- [YOUR GOAL]
Please reproduce all the data exactly as written and omit the pictures.

- [DATASET EXTRACT]
______________________________
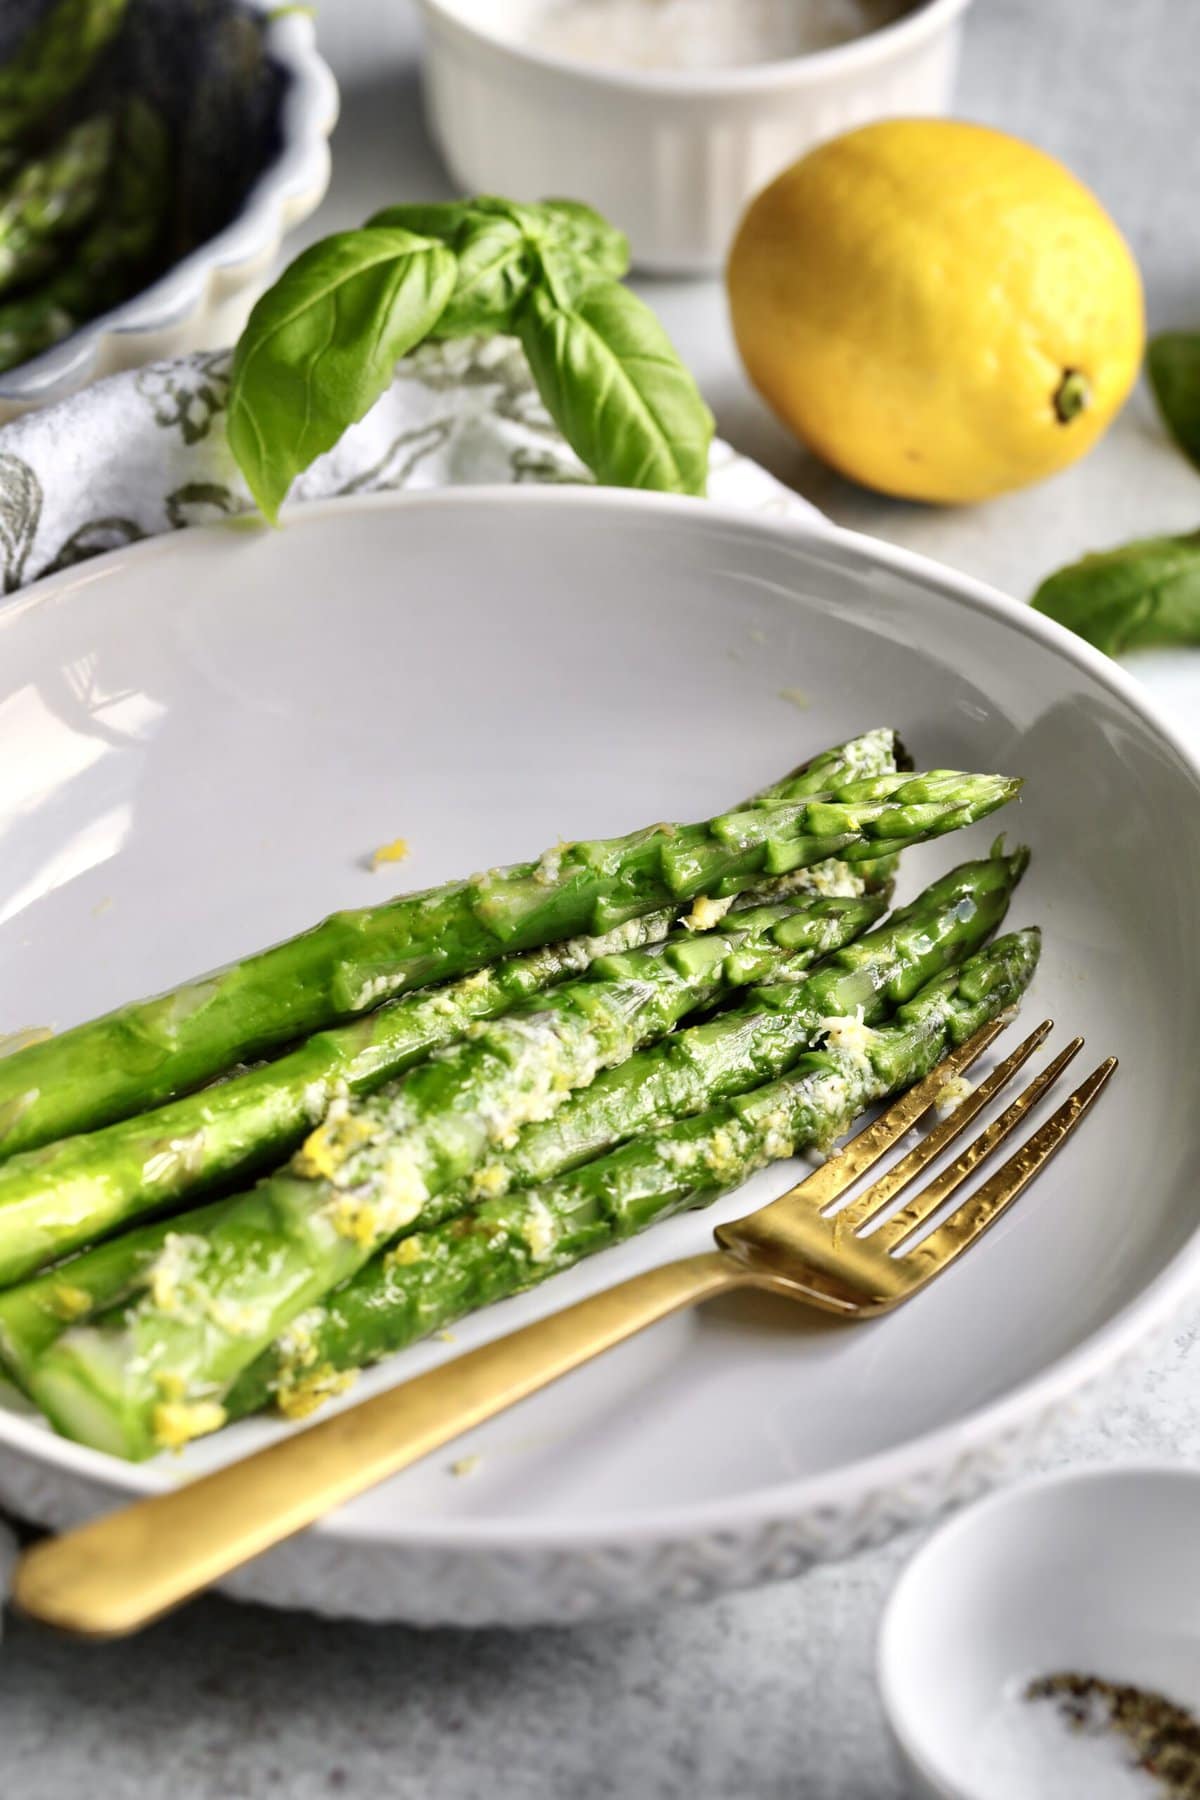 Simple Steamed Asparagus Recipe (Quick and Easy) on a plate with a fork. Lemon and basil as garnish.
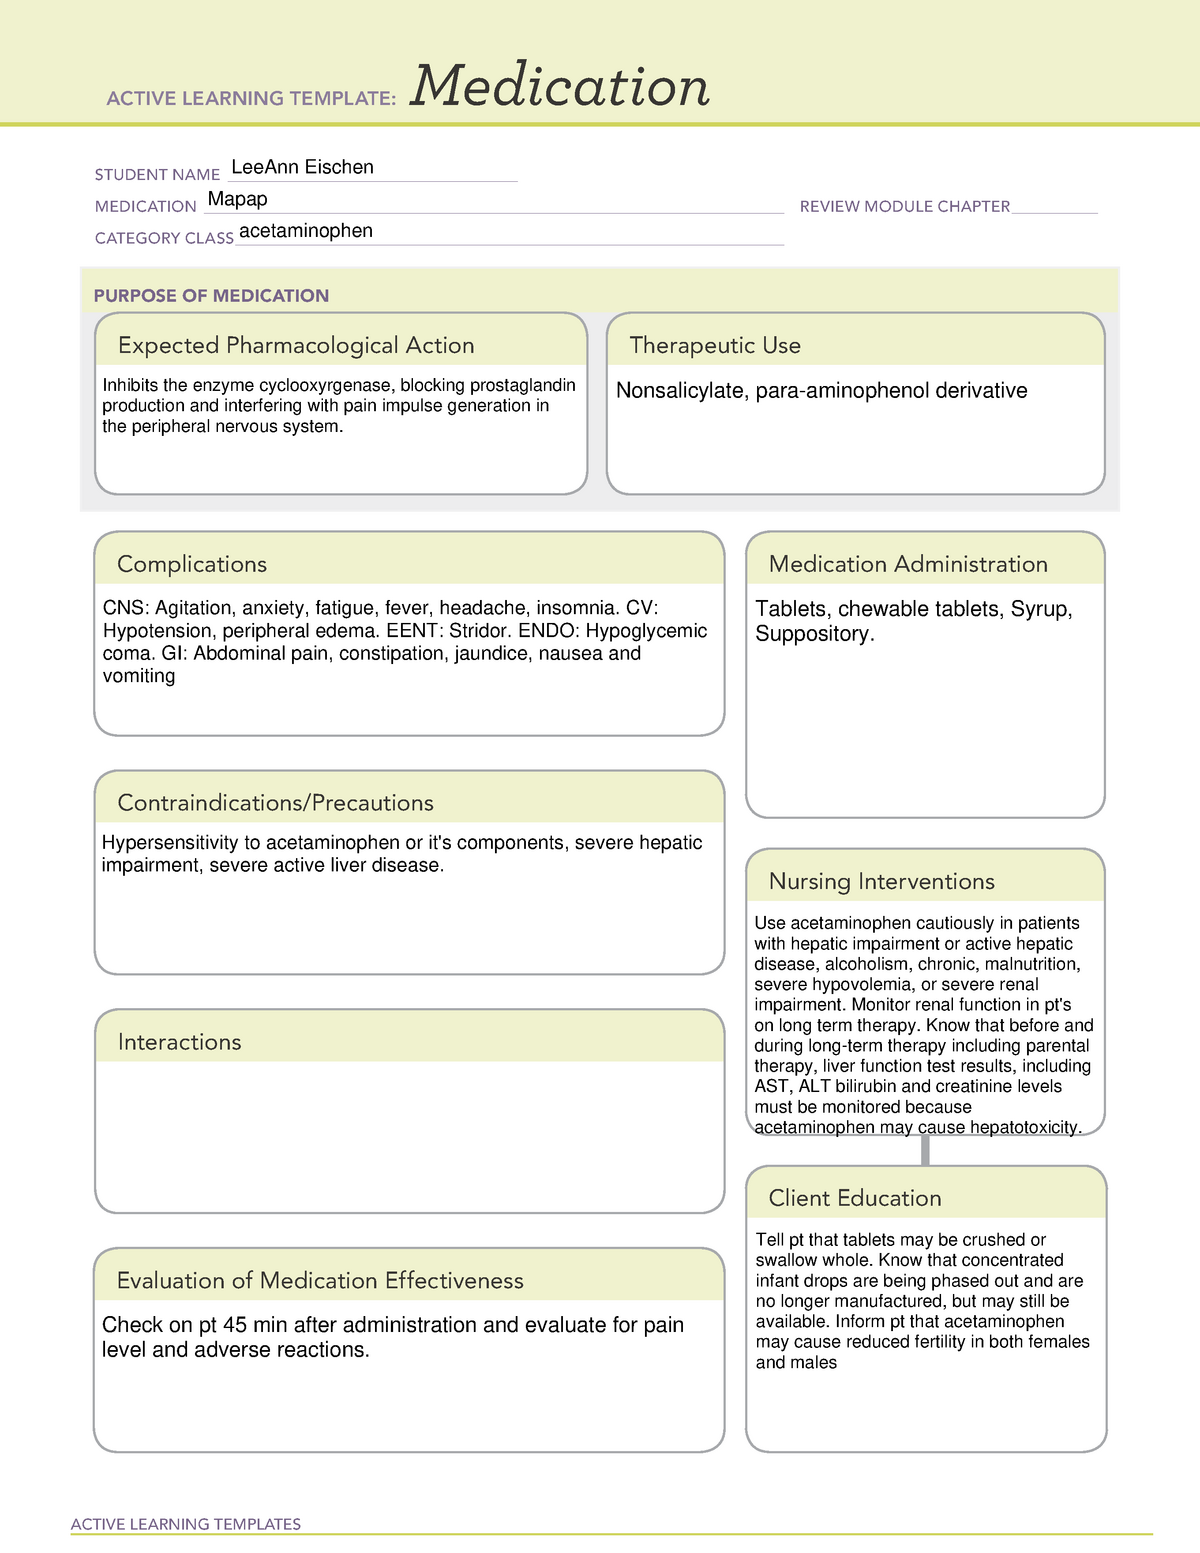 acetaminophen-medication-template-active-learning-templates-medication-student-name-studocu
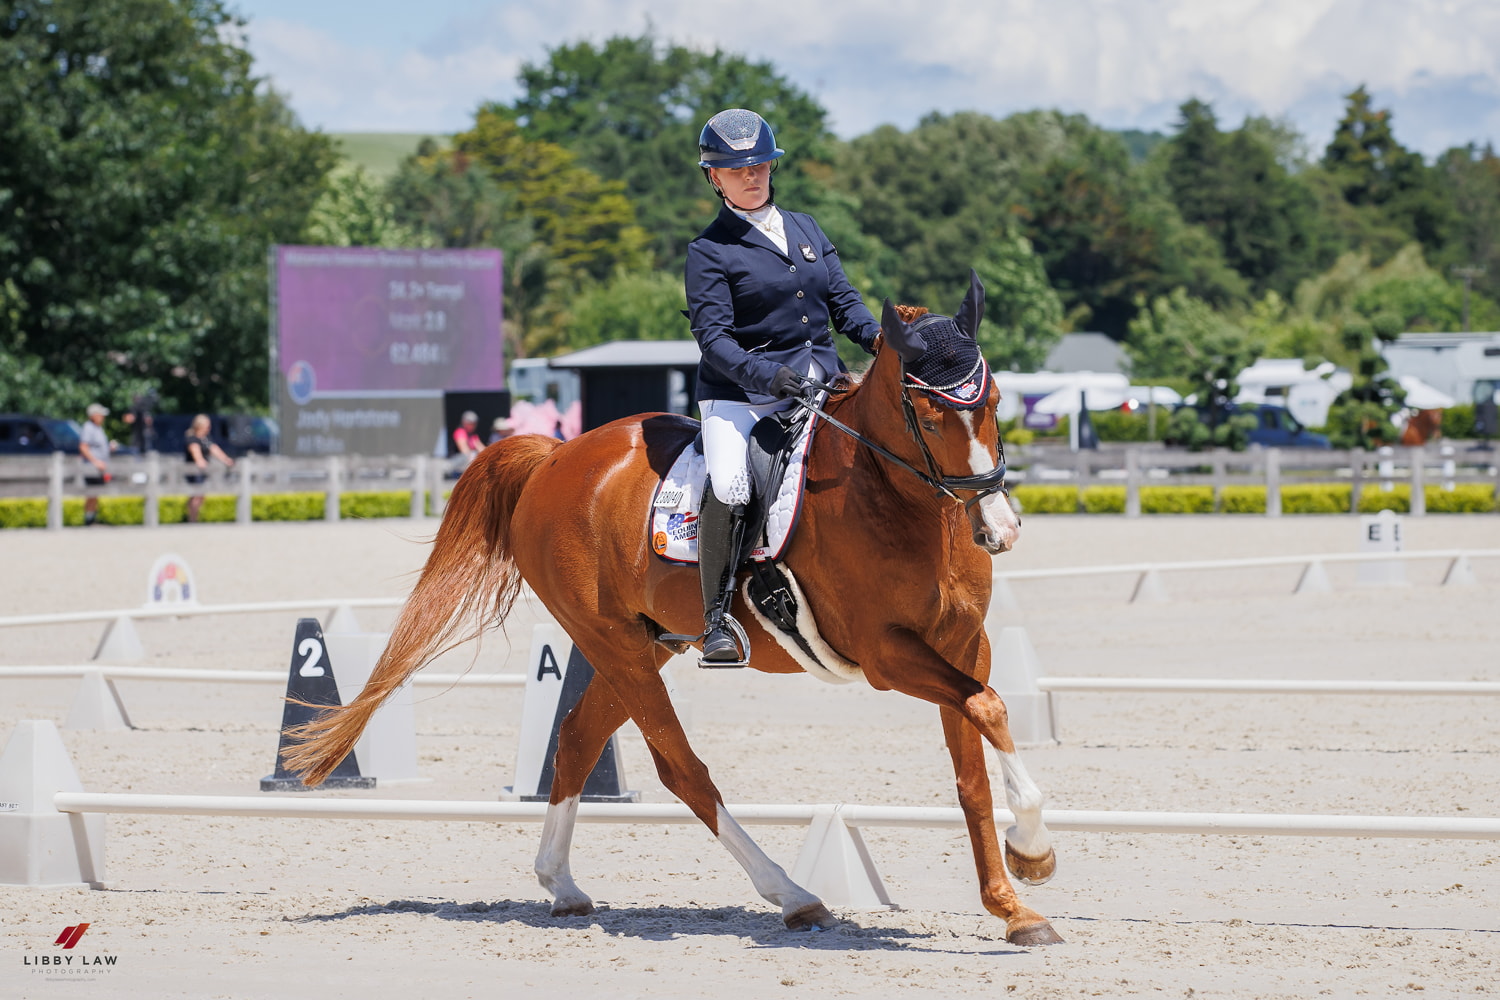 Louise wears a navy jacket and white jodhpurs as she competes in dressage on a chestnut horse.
______________________________
- [RESULT OF THE EXERCISE]
 Simple Steamed Asparagus Recipe (Quick and Easy) on a plate with a fork. Lemon and basil as garnish.
 acetaminophen-medication-template-active-learning-templates-medication-student-name-studocu
 Louise wears a navy jacket and white jodhpurs as she competes in dressage on a chestnut horse.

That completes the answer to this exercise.